Una rara e devastante crisi interna scuote il potente Consiglio di Cooperazione del Golfo, le sei petromonarchie alleate di Washington che tanto peso hanno nelle vicende mediorientali (e non solo). L’Arabia Saudita, gli Emirati Arabi Uniti e il Bahrein ieri a sorpresa hanno annunciato il ritiro dei loro ambasciatori dal Qatar, denunciando le «ingerenze» di Doha negli affari interni dei paesi vicini. Una mossa clamorosa e paradossale. L’Arabia saudita che spende centinaia di milioni di dollari per comprare le armi necessarie alle milizie jihadiste siriane per rovesciare Bashar Assad, accusa di «ingerenza» negli affari interni di altri Paesi i cugini-rivali del Qatar. Tuttavia questa crisi di enormi proporzioni non è una ricaduta della guerra civile siriana (alla quale, comunque, il Qatar partecipa con soldi e pressioni sull’opposizione). E’ figlia piuttosto del colpo di stato militare in Egitto che lo scorso luglio ha deposto il presidente islamista Mohammed Morsi e disintegrato il potere dei Fratelli musulmani, appoggiati proprio dal Qatar. E’ anche l’effetto della forte ripresa nella regione dell’influenza dell’Arabia saudita che aveva mal digerito l’intraprendenza, finanziaria e diplomatica, del piccolo (ma ricco di gas) Qatar, il “nano con il pugno di un gigante” sull’onda delle rivolte arabe.

La decisione delle tre petromonarchie fa seguito a una riunione, a dir poco tempestosa, che si era svolta martedì sera a Riyadh dei ministri degli esteri del Ccg. Il Qatar in quell’occasione ha continuano a contestare la legittimità del golpe militare in Egitto, in controtendenza con le altre monarchie del Golfo. In un clima da incontro di pugilato, Doha si è schierata di nuovo con i Fratelli Musulmani e con Mohammed Morsi, mentre Arabia Saudita, Bahrain ed Emirati hanno assicurato il loro sostegno alle autorità golpiste egiziane. Riyadh considera nemici i Fratelli Musulmani che contestano la legittimità del ruolo di “Custode di Mecca e Medina” che si è autoassegnata la dinastia Saud. Per questo l’Arabia saudita si è precipitata a garantire la solidità finanziaria dell’Egitto subito dopo il colpo di stato del 3 luglio. Non sorprende che ieri il Cairo – che sta processando giornalisti della televisione qatariota al Jazeera – abbia rincarato la dose quando ha appreso del ritiro degli ambasciatori. «Il Qatar è contro la posizione della maggioranza dei Paesi arabi», ha commentato lapidario il ministero degli esteri egiziano.

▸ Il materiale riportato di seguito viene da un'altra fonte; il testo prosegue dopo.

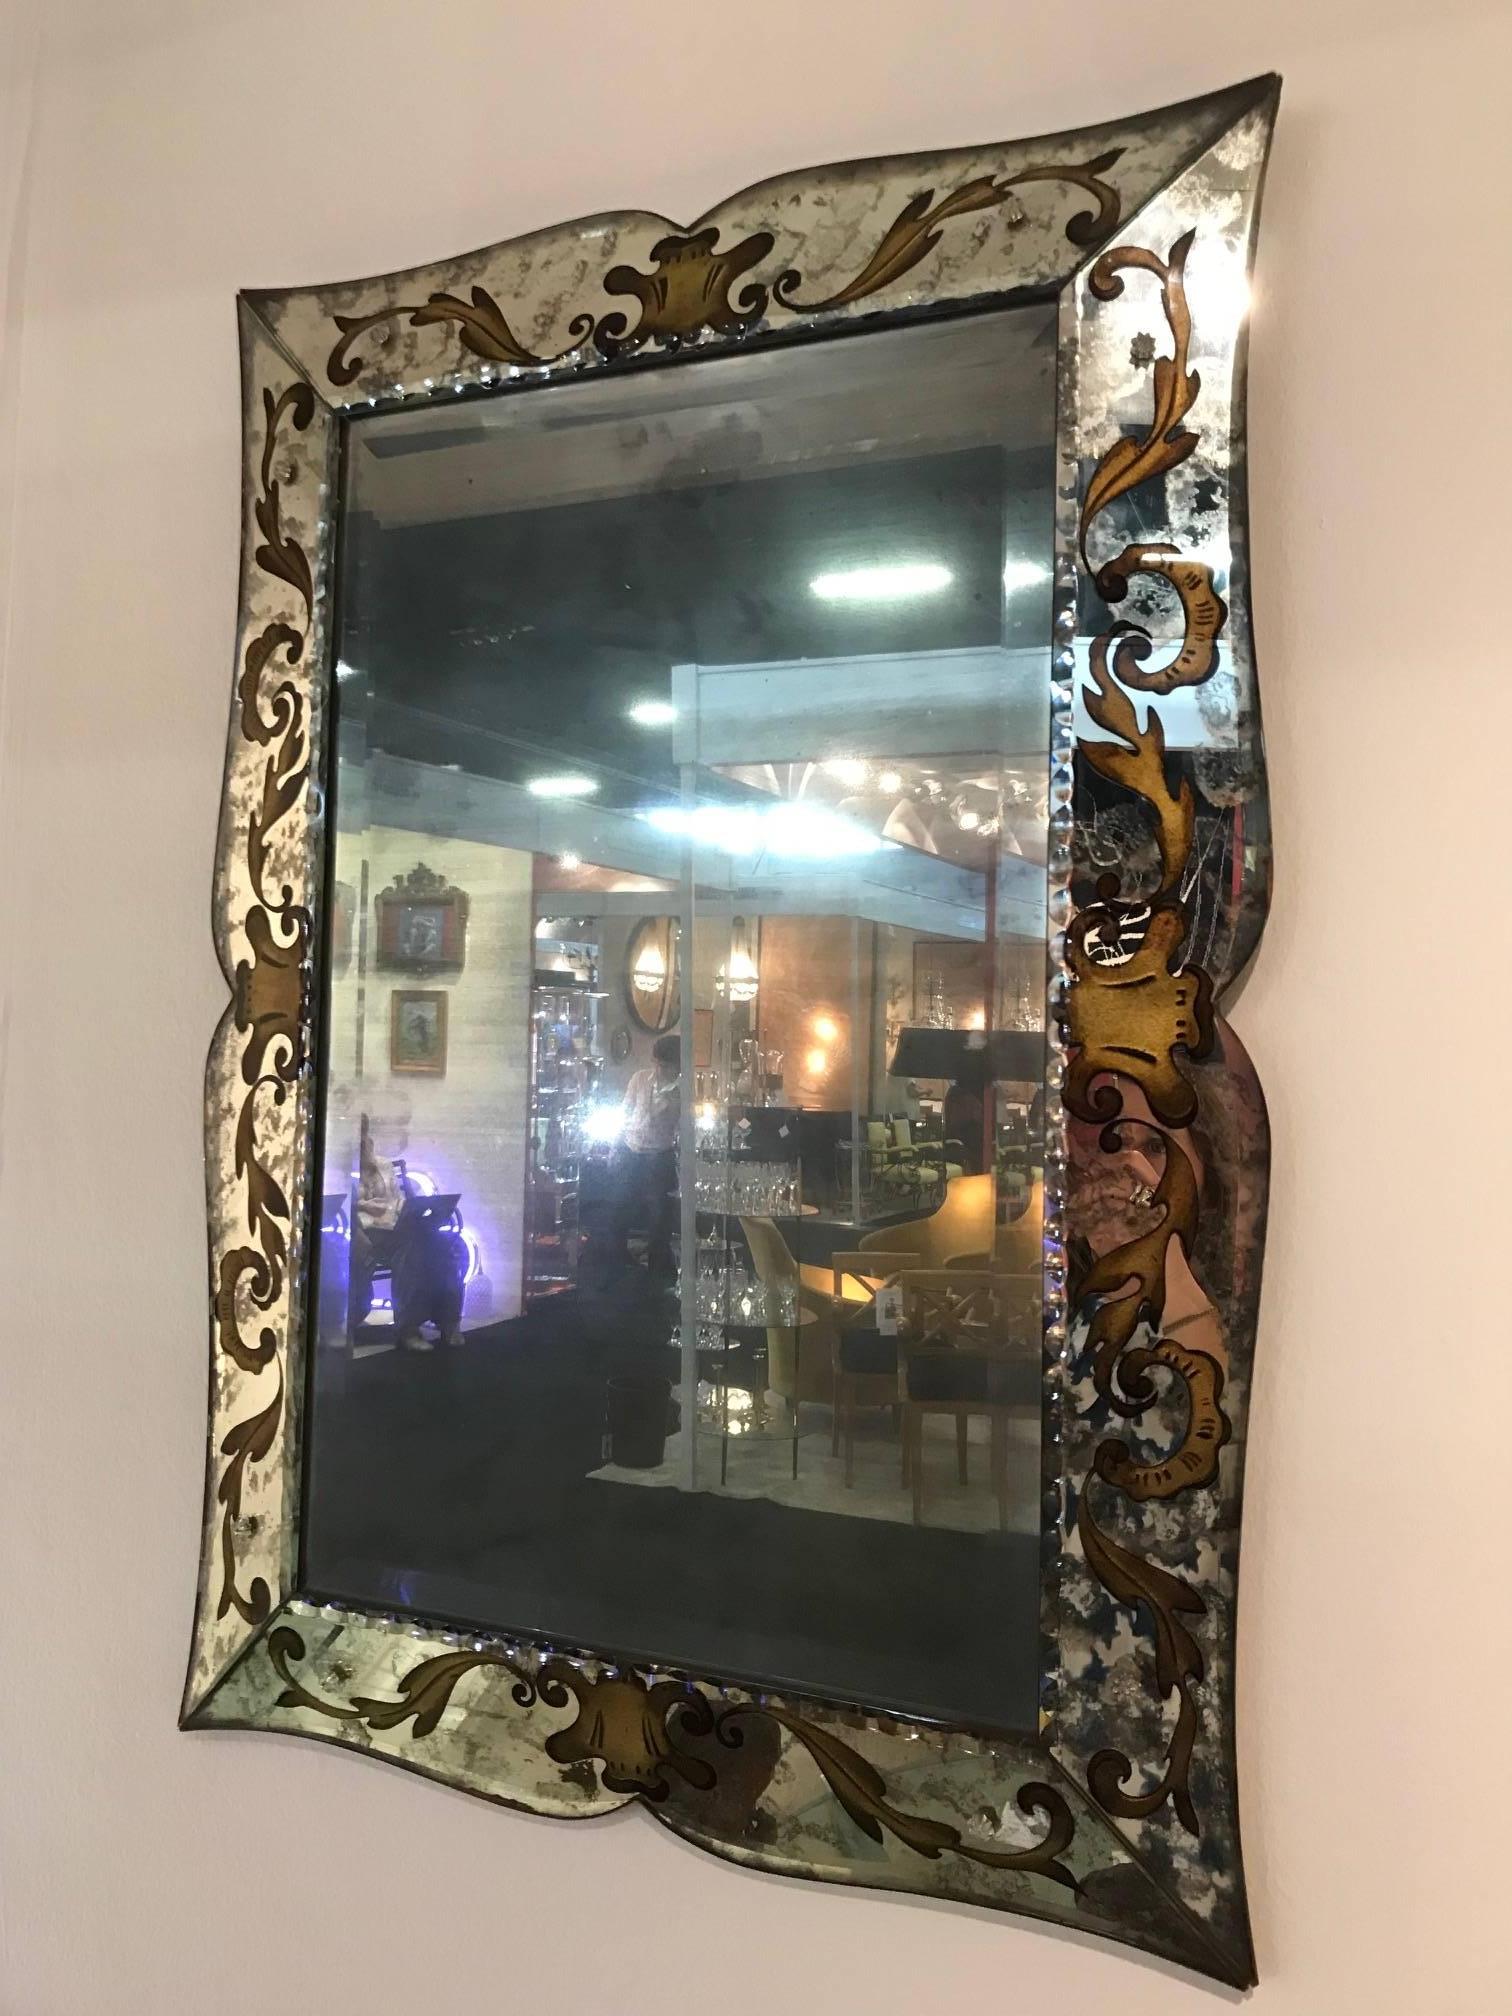 An elegant verre eglomise mirror with gilded and chiselled frame detail. Central mirror plate is antiqued.
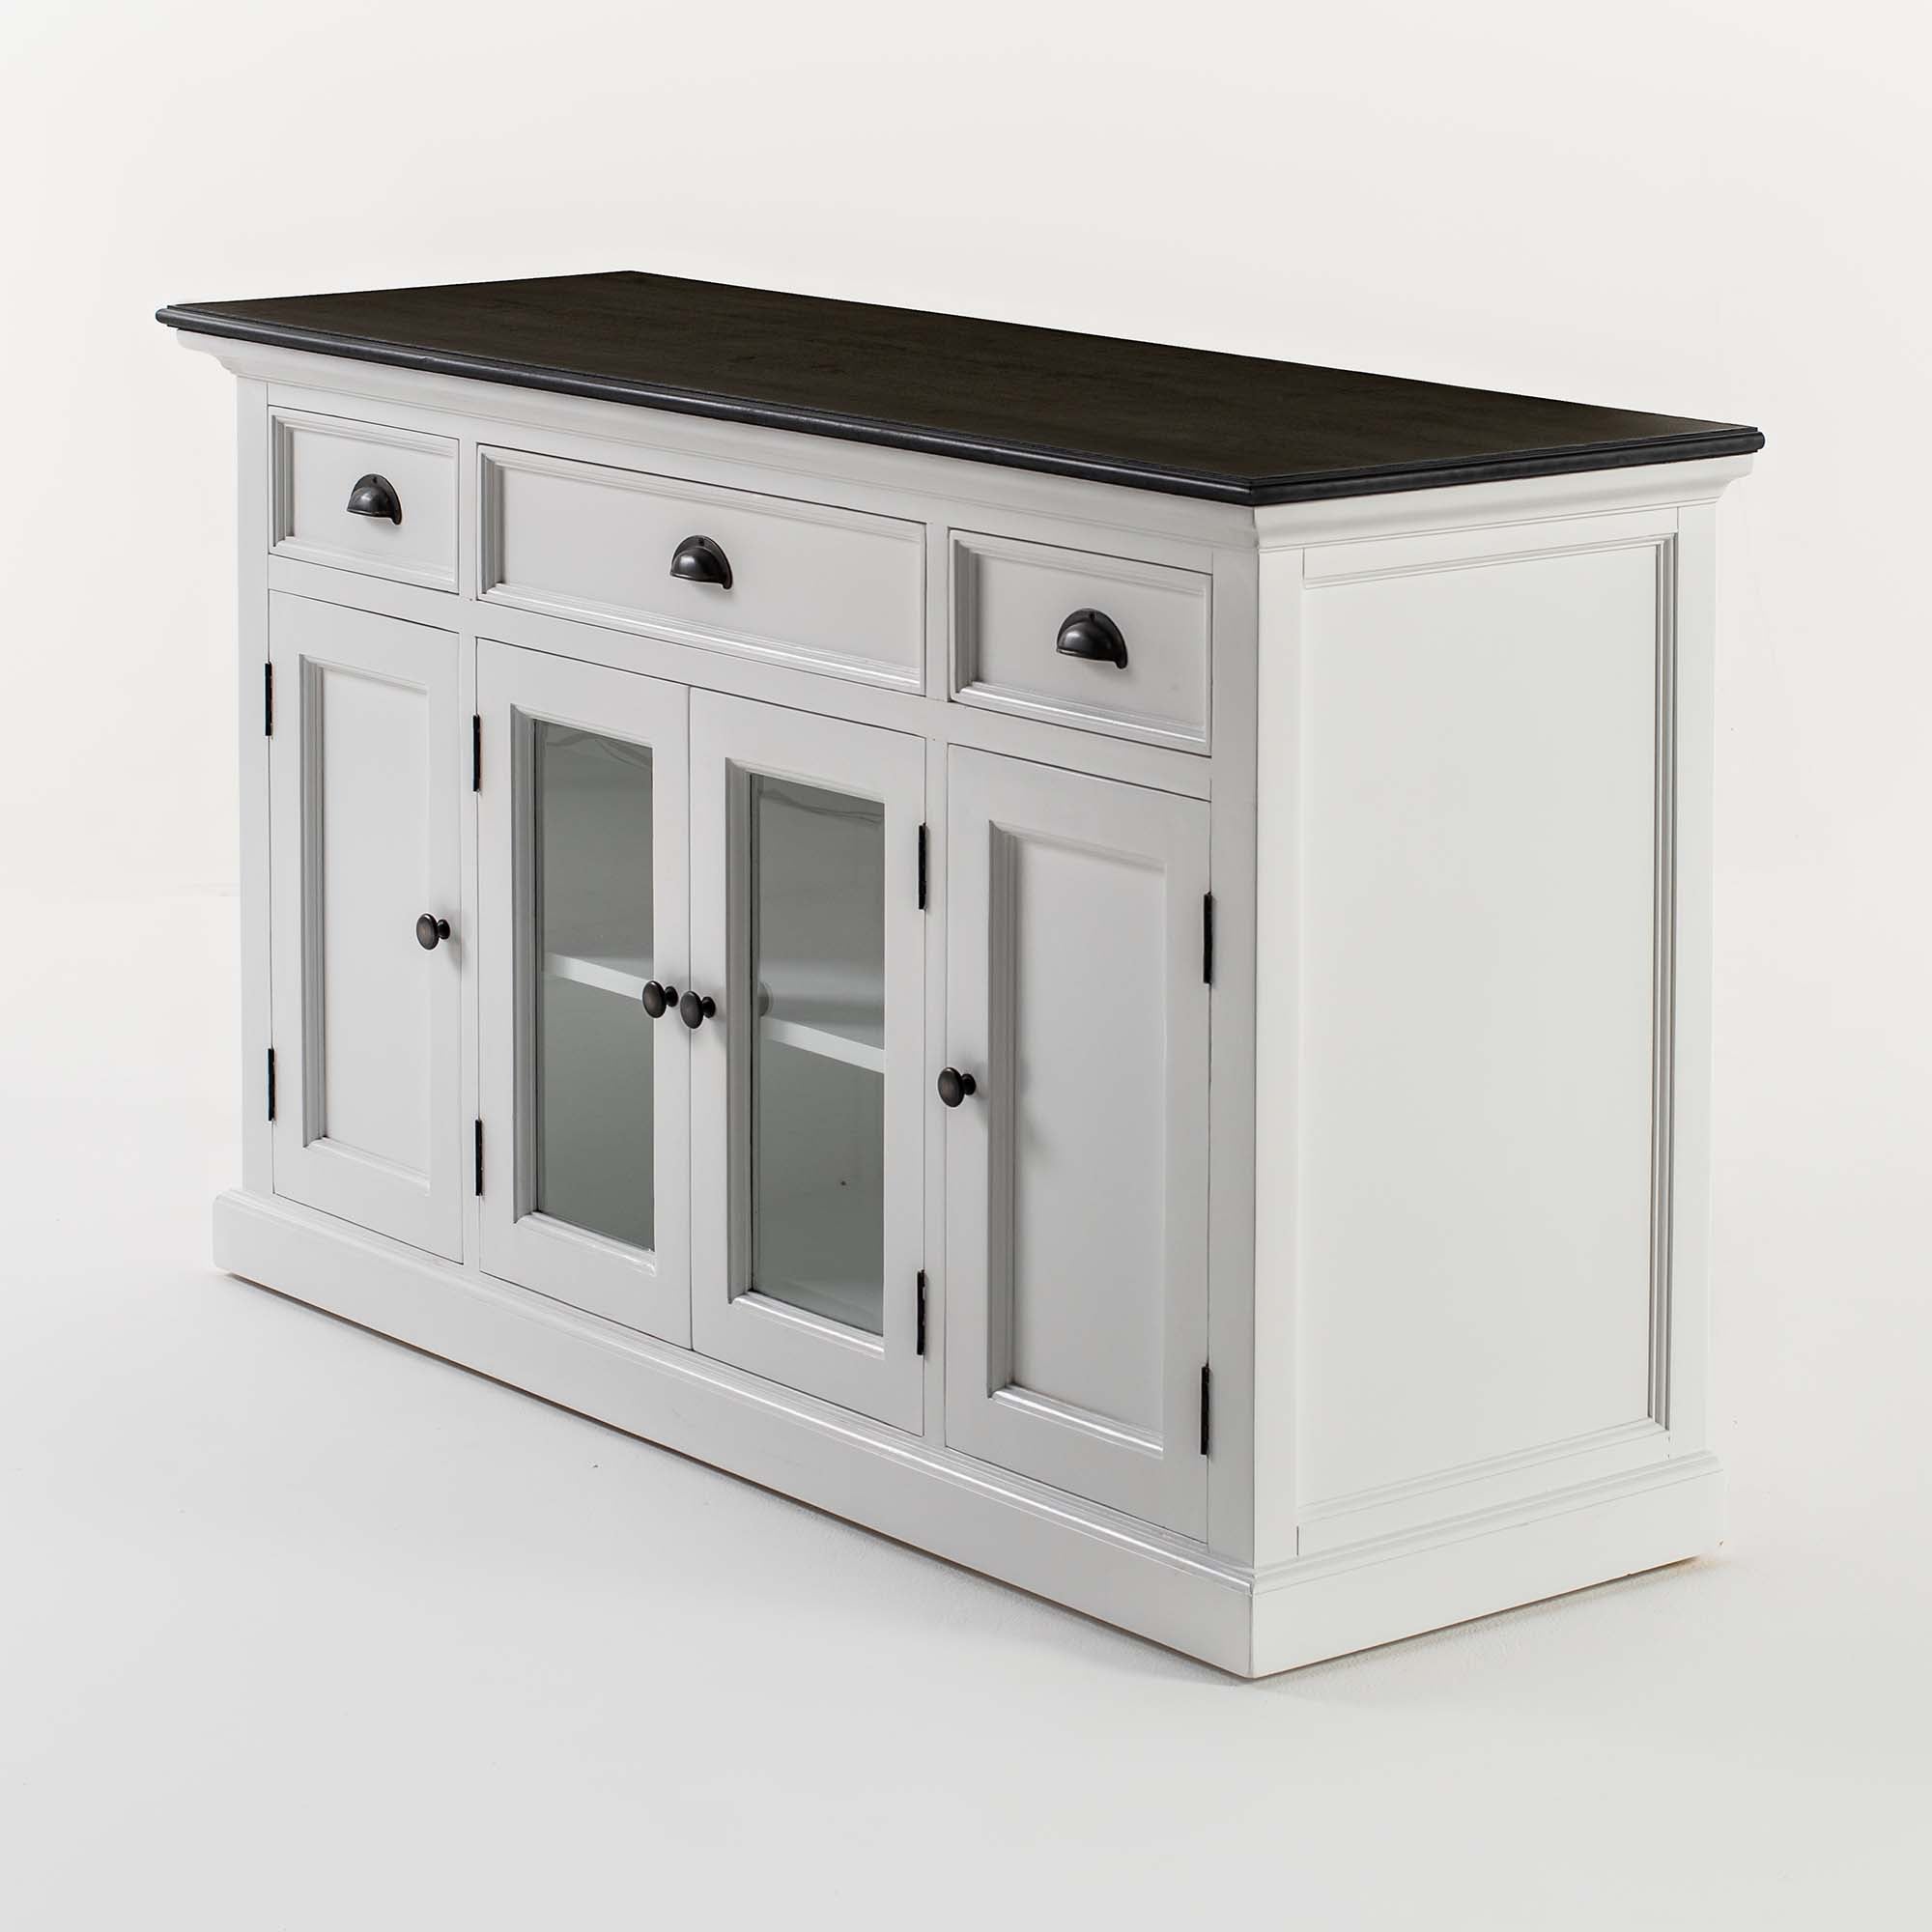 Halifax Contrast Farmhouse White & Black Buffet with 4 Doors 3 Drawers

Per i Fratelli Musulmani non va molto meglio negli Emirati Arabi Uniti dove sono perseguitati e puniti per le loro attività politiche. L’Emiro del Qatar al Thani lo scorso novembre, nel corso di un mini vertice del Ccg con l’emiro del Kuwait e il re saudita, aveva promesso di limitare il suo appoggio alla Fratellanza. Promessa che, dicono le altre petromonarchie, non ha mantenuto, tanto che il mese scorso gli Emirati hanno protestato con forza per i sermoni infuocati pronunciati in diretta da Doha, davanti alle telecamere di al Jazeera, dallo sceicco Yusef Qaradawi, un famoso predicatore e ideologo dei Fratelli Musulmani.

Sullo sfondo c’è anche l’atteggiamento morbido avuto dal Qatar nei confronti dell’Oman che nei mesi scorsi ha impedito la riorganizzazione del Ccg, in termini militari ed economici, sotto il “comando” dell’Arabia saudita intenzionata a creare un solido “blocco sunnita” in funzione anti-Iran (Muscat mantiene buone relazioni con Tehran). Riyadh avrebbe voluto punire l’Oman ma Doha si oppose. I Saud hanno risposto con il pugno di ferro, prima annullando l’influenza che per due anni il Qatar ha avuto sull’opposisione siriana e poi formando il “Fronte islamico” in alternativa all’Esercito libero siriano (Els) sponsorizzato da Doha. Ieri è calata anche la scure diplomatica. Il Qatar smorza i toni, lancia segnali concilianti, ma il ricco “nano con il pugno di un gigante” sa di essere nell’angolo.